Material provided:
---*---

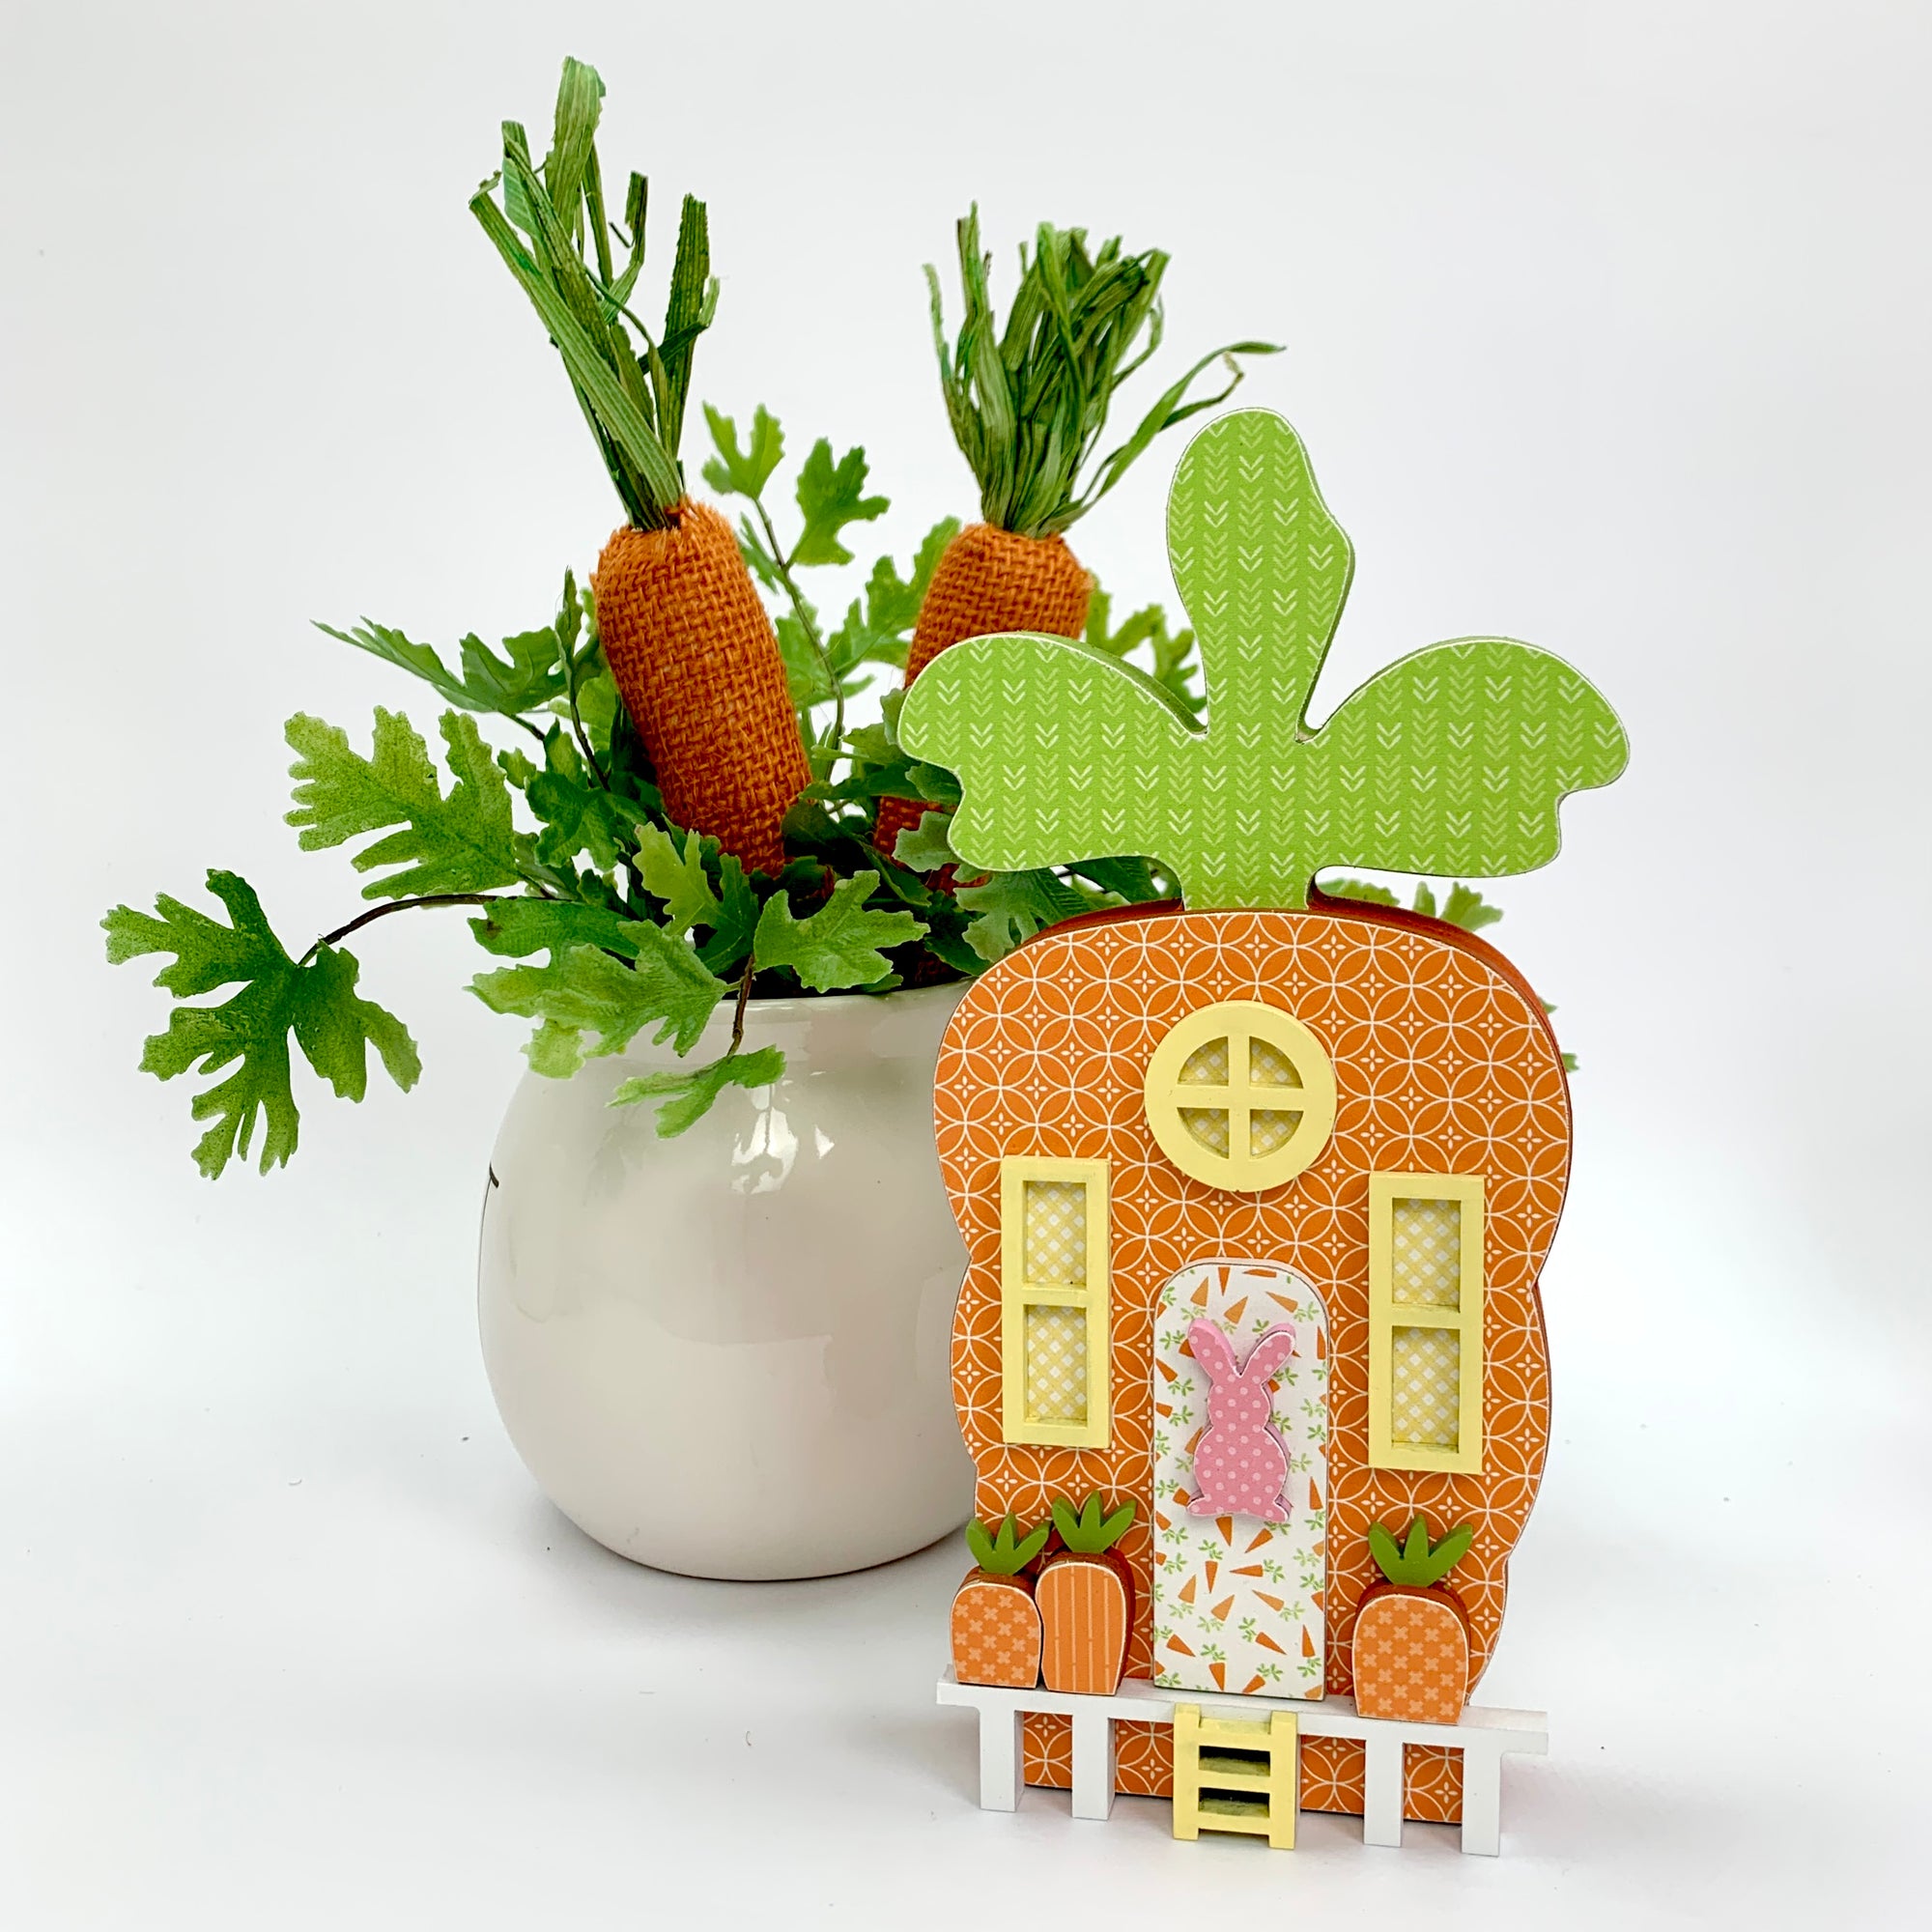 Carrot house wood decoration with burlap carrot in pot
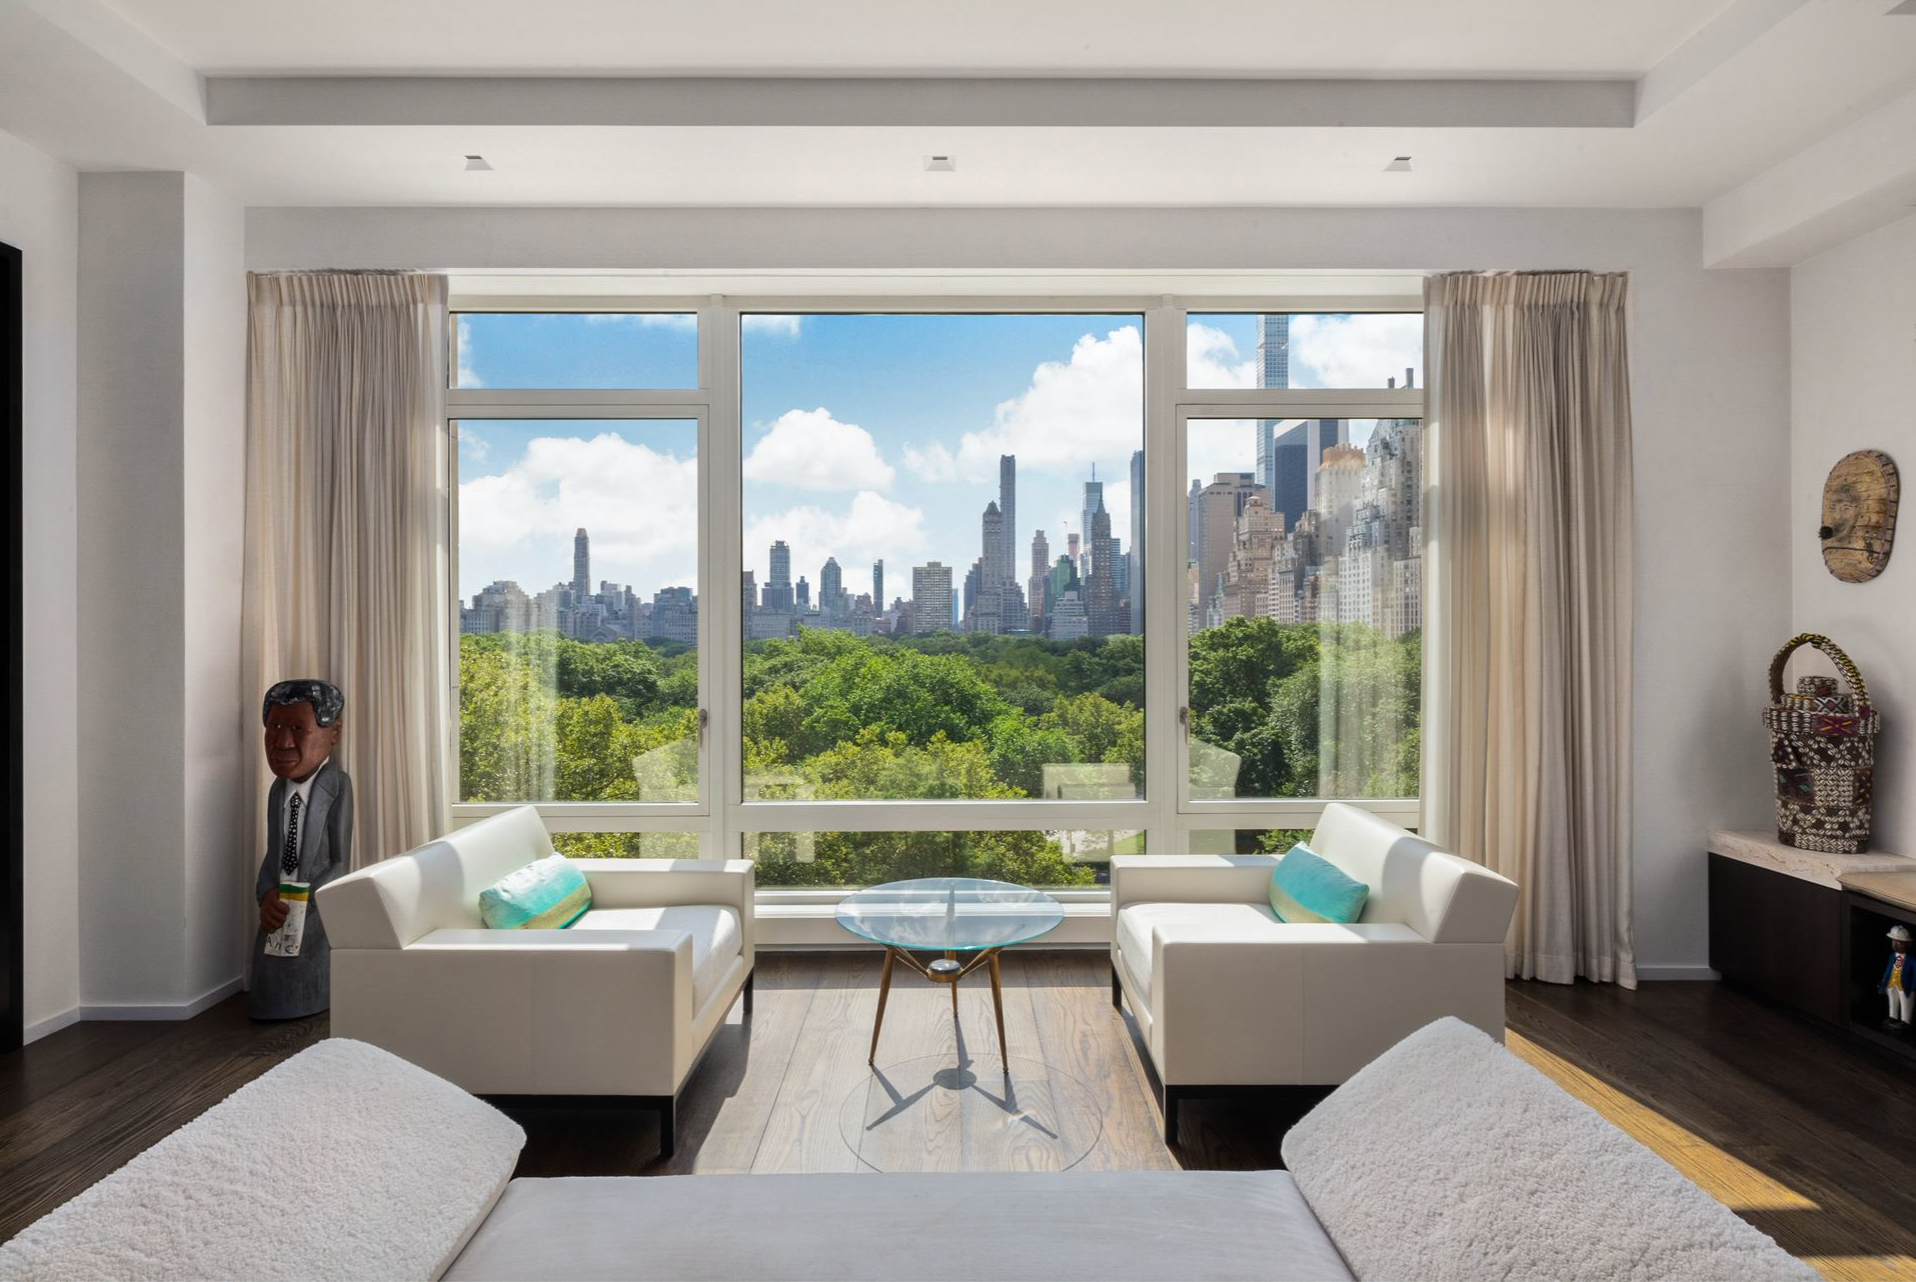 Main living area in the Jeffrey Beers-renovated apartment at 15 Central Park West, with gorgeous views of NYC visible just beyond the large windows.
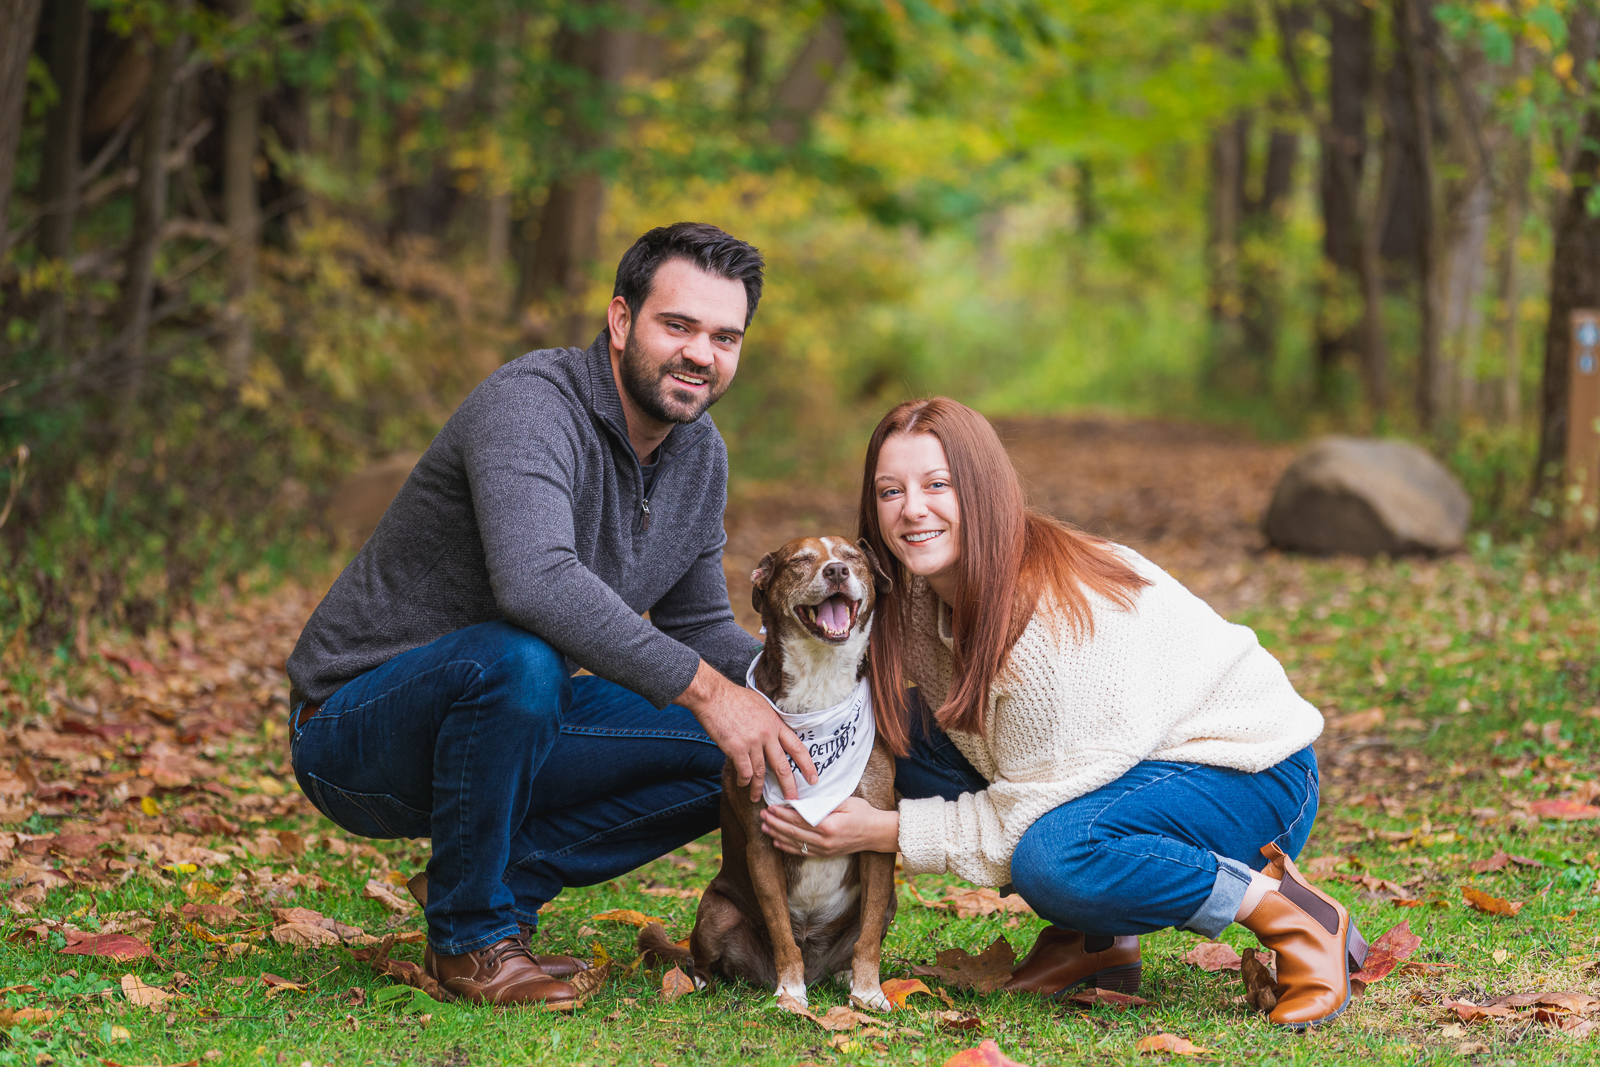 Man and woman fiancee engagement photo with dog, smile, cute dog, dog bandana, outdoor, nature, forest, fall leaves, fall colors, outdoor fall engagement photo session at Tinkers Creek, Bedford Reservation, Cleveland Metroparks

---*---

Instructions for the task: Restating the data word for word is the task, and pictures are to be omitted.

Answer section:
 Carrot house wood decoration with burlap carrot in pot
 Main living area in the Jeffrey Beers-renovated apartment at 15 Central Park West, with gorgeous views of NYC visible just beyond the large windows.
 Man and woman fiancee engagement photo with dog, smile, cute dog, dog bandana, outdoor, nature, forest, fall leaves, fall colors, outdoor fall engagement photo session at Tinkers Creek, Bedford Reservation, Cleveland Metroparks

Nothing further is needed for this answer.